Ruse v. Bleeke

914 N.E.2d 1, 2009 Ind. App. LEXIS 2039, 2009 WL 3094938
CourtIndiana Court of Appeals
DecidedSeptember 29, 2009
Docket02A04-0902-CV-115
StatusPublished
Cited by17 cases

This text of 914 N.E.2d 1 (Ruse v. Bleeke) is published on Counsel Stack Legal Research, covering Indiana Court of Appeals primary law. Counsel Stack provides free access to over 12 million legal documents including statutes, case law, regulations, and constitutions.

Bluebook
Ruse v. Bleeke, 914 N.E.2d 1, 2009 Ind. App. LEXIS 2039, 2009 WL 3094938 (Ind. Ct. App. 2009).

Opinion

OPINION

KIRSCH, Judge.

In this consolidated appeal, Scott Ruse ("Ruse") appeals after a bench trial from the trial court's judgment in favor of Mark Bleeke ("Bleeke") in his action against Ruse alleging claims under the Indiana Crime Victim's Relief Act, fraud, and breach of fiduciary duty. Ruse also ap *5 peals after a bench trial from the trial court's judgment in favor of Terry Parrish ("Parrish") in an action brought by Ruse against Parrish alleging breach of contract and criminal conversion. The broad issue presented for our review from these judgments is whether there is sufficient evidence to support the findings of fact and conclusions thereon issued in both judgments against Ruse. Parrish cross-appeals arguing that if we find the trial court erred during the bench trial, he should have been entitled to summary judgment.

We affirm.

FACTS AND PROCEDURAL HISTORY 1

Early in 2005, Ruse contacted RLED, LLC ("RLED") about purchasing Roaring Lion® for his bar, Pepperchinis, located in Huntertown, Indiana. Roaring Lion® is an energy drink similar to Red Bull, which many bars use as a drink mixer. RLED referred Ruse to Mike Smith ("Smith"), a Georgia resident, who distributed Roaring Lion® in Indiana.

Ruse had conversations with Bleeke about Roaring Lion® and told him that he was considering becoming a distributor of the product in Indiana, selling and distributing Roaring Lion® and brand extensions to local bars, restaurants, and other retail outlets. Ruse asked Bleeke if he would be interested in becoming a salesman for Ruse. In late March 2005, Ruse informed Bleeke that he had purchased the exclusive distribution rights for Roaring Lion® in Indiana with the exception of six counties in northwest Indiana.

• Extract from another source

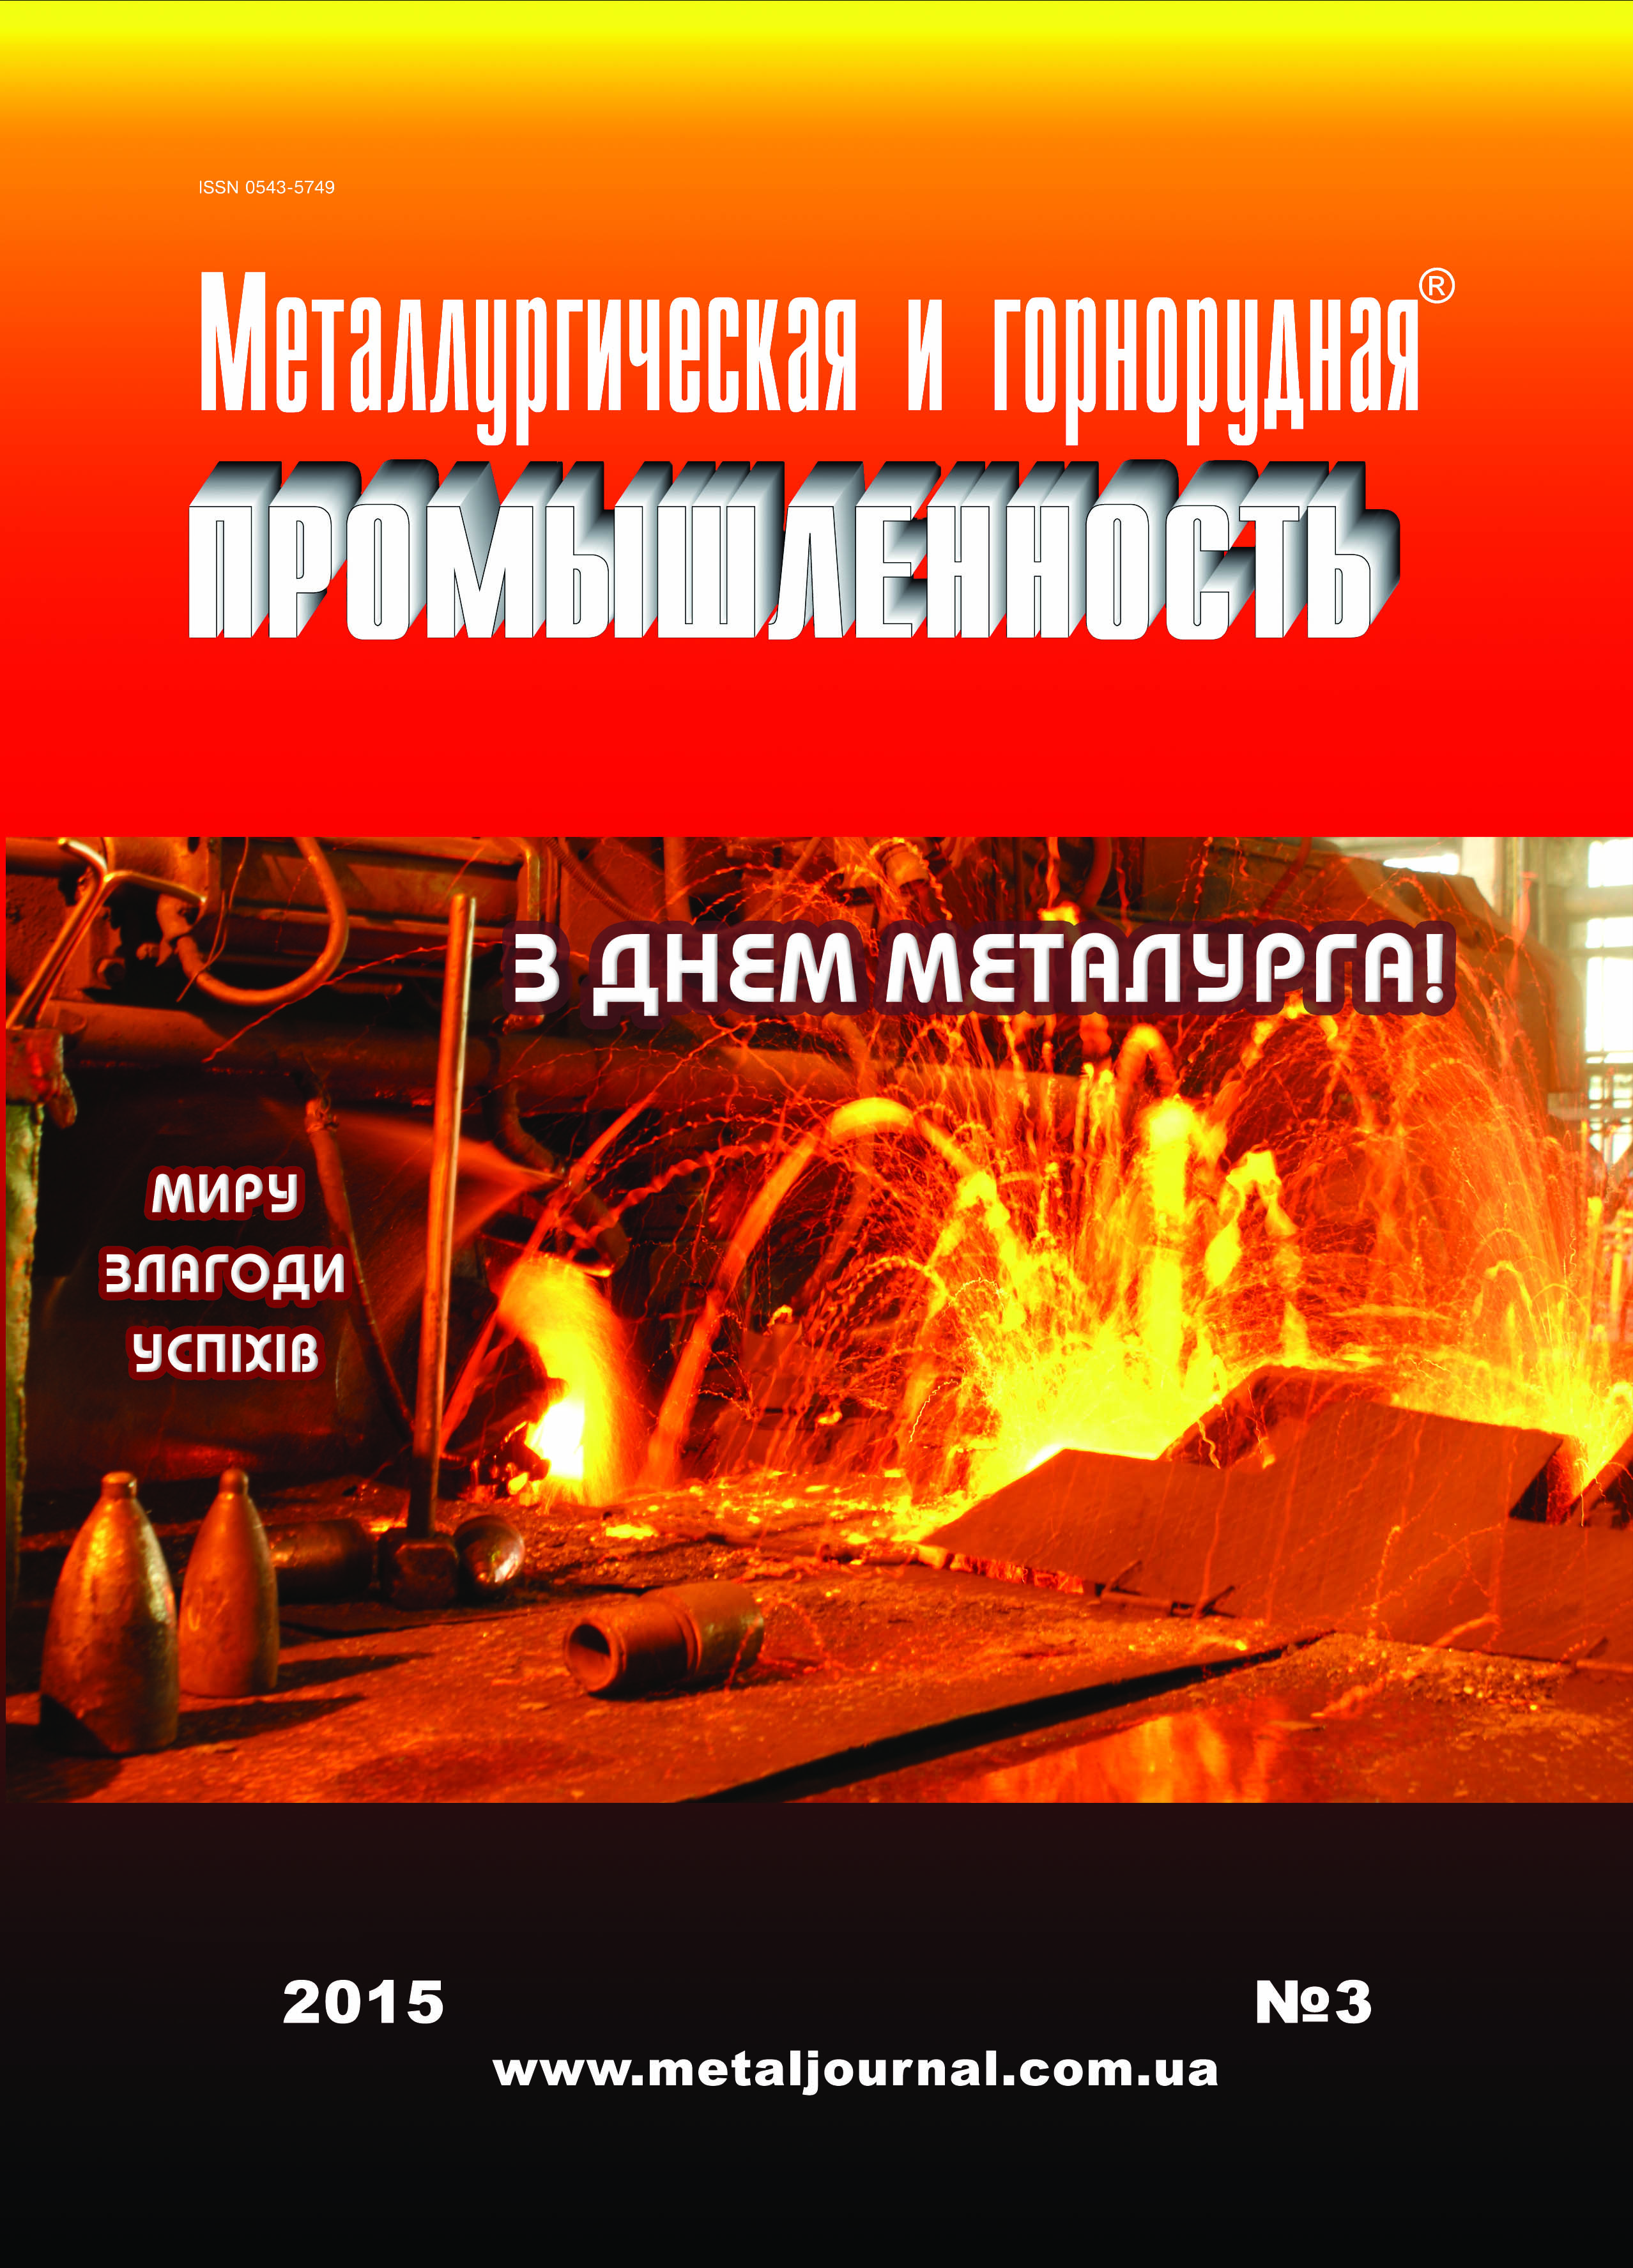 Металлургическая и горнорудная промышленность №3 (294) 2015 г. изображение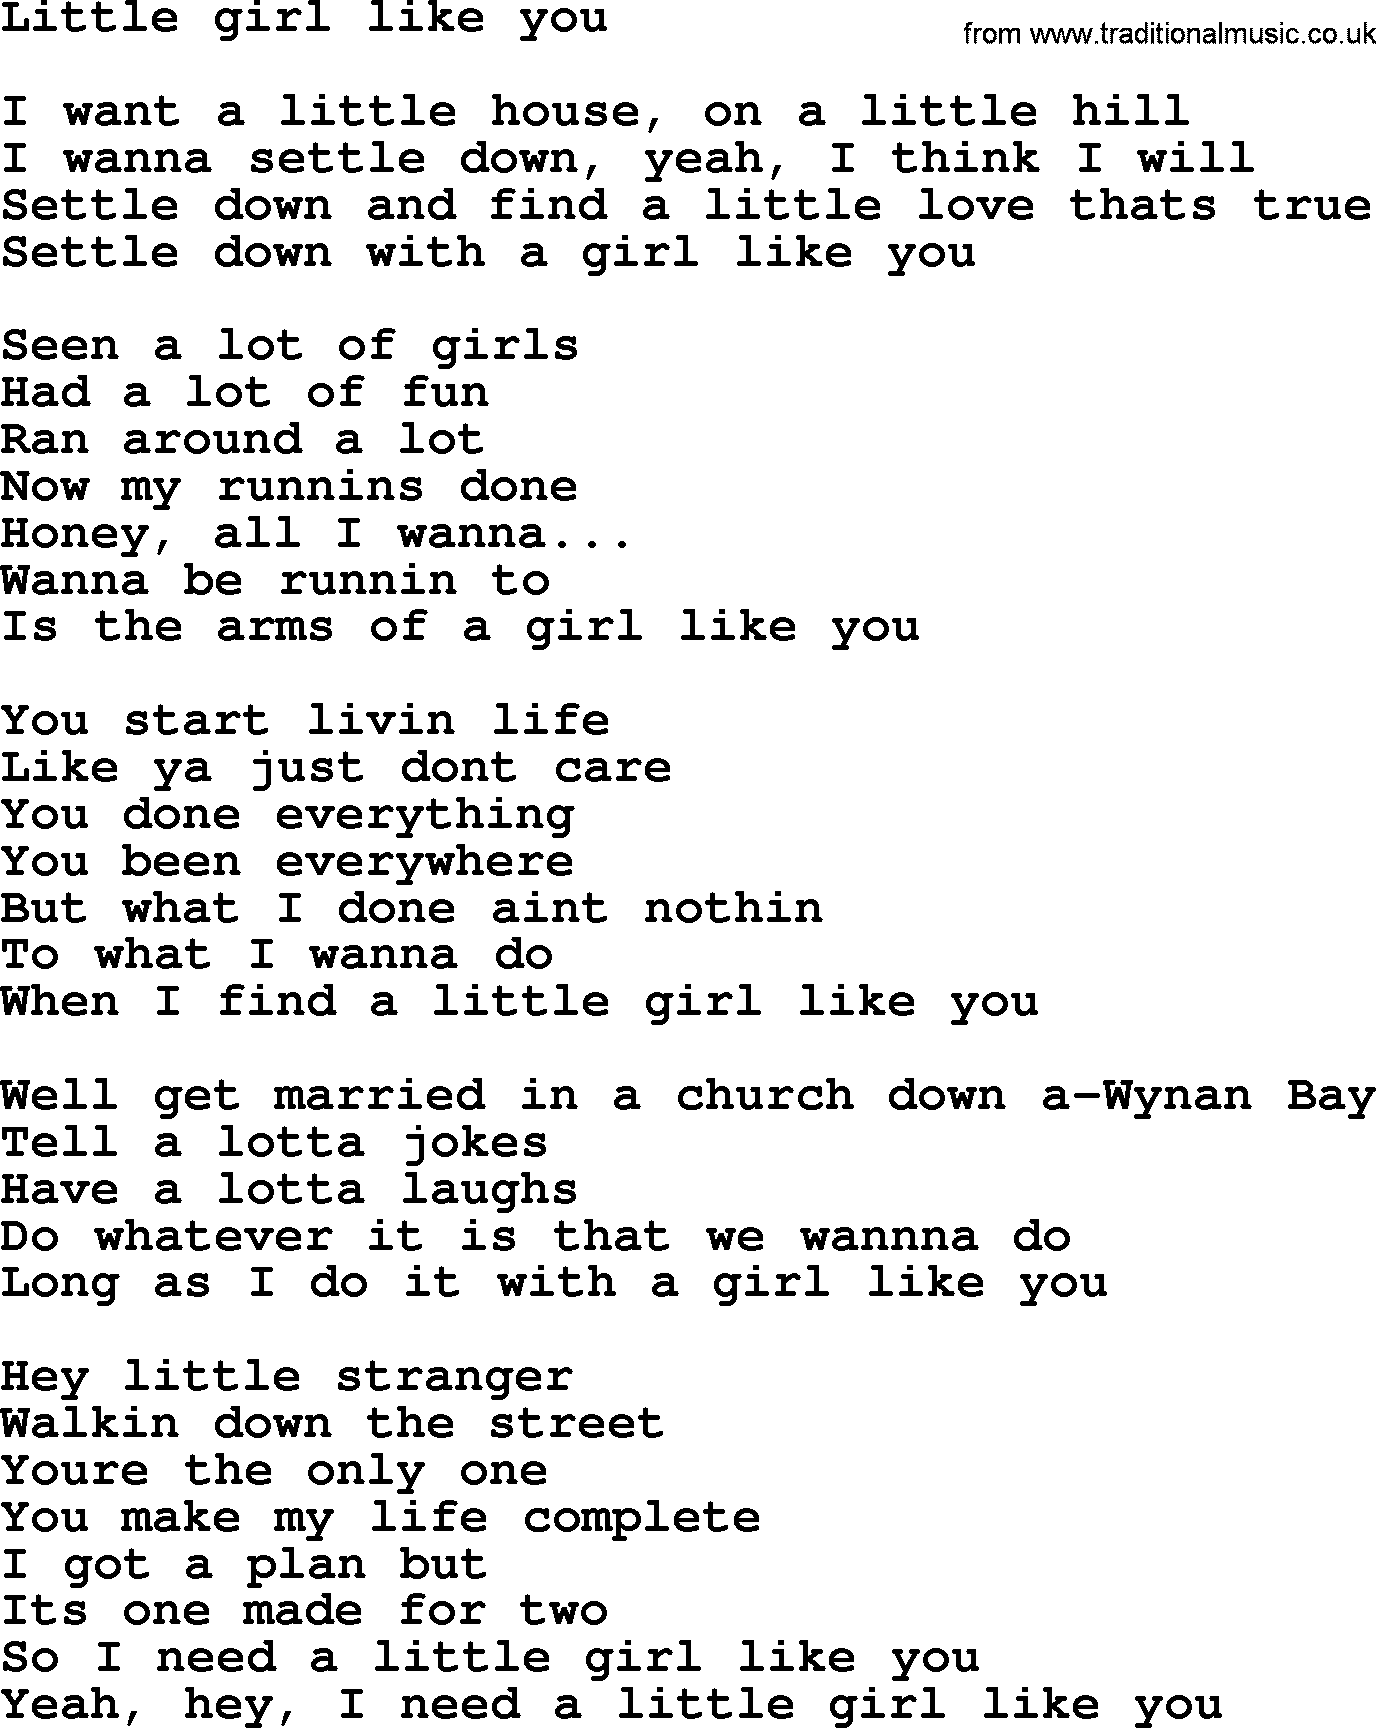 Bruce Springsteen Song Little Girl Like You Lyrics

Ruse paid Smith $3,150 by a cashier's check on April 6, 2005, as a partial payment of the $7,150 total, to receive the exelusive distribution rights to Roaring Lion ® and a few accounts Smith had developed here in Indiana Those accounts generated approximately $500 of profit per month. Ruse contacted Bleeke and asked Bleeke if he was interested in becoming involved in Ruse's venture. Bleeke and Ruse met at Ruse's bar in April 2005 to discuss Bleeke's potential involvement in the sale of Roaring Lion® in Indiana. Bleeke indicated that he did not want to be just a salesperson, but wanted to obtain an ownership interest in the business and asked Ruse what percentage of the business he would be willing to sell. Ruse told him that he had invested $50,000 in the business and that he would sell Bleeke a fifty percent interest in the business for $25,000. Based upon Ruse's representations, Bleeke believed that Ruse had invested $50,000 in obtaining the exclusive rights to distribute Roaring Lion® in Indiana Ruse and Bleeke agreed to do business as S & M Distributing.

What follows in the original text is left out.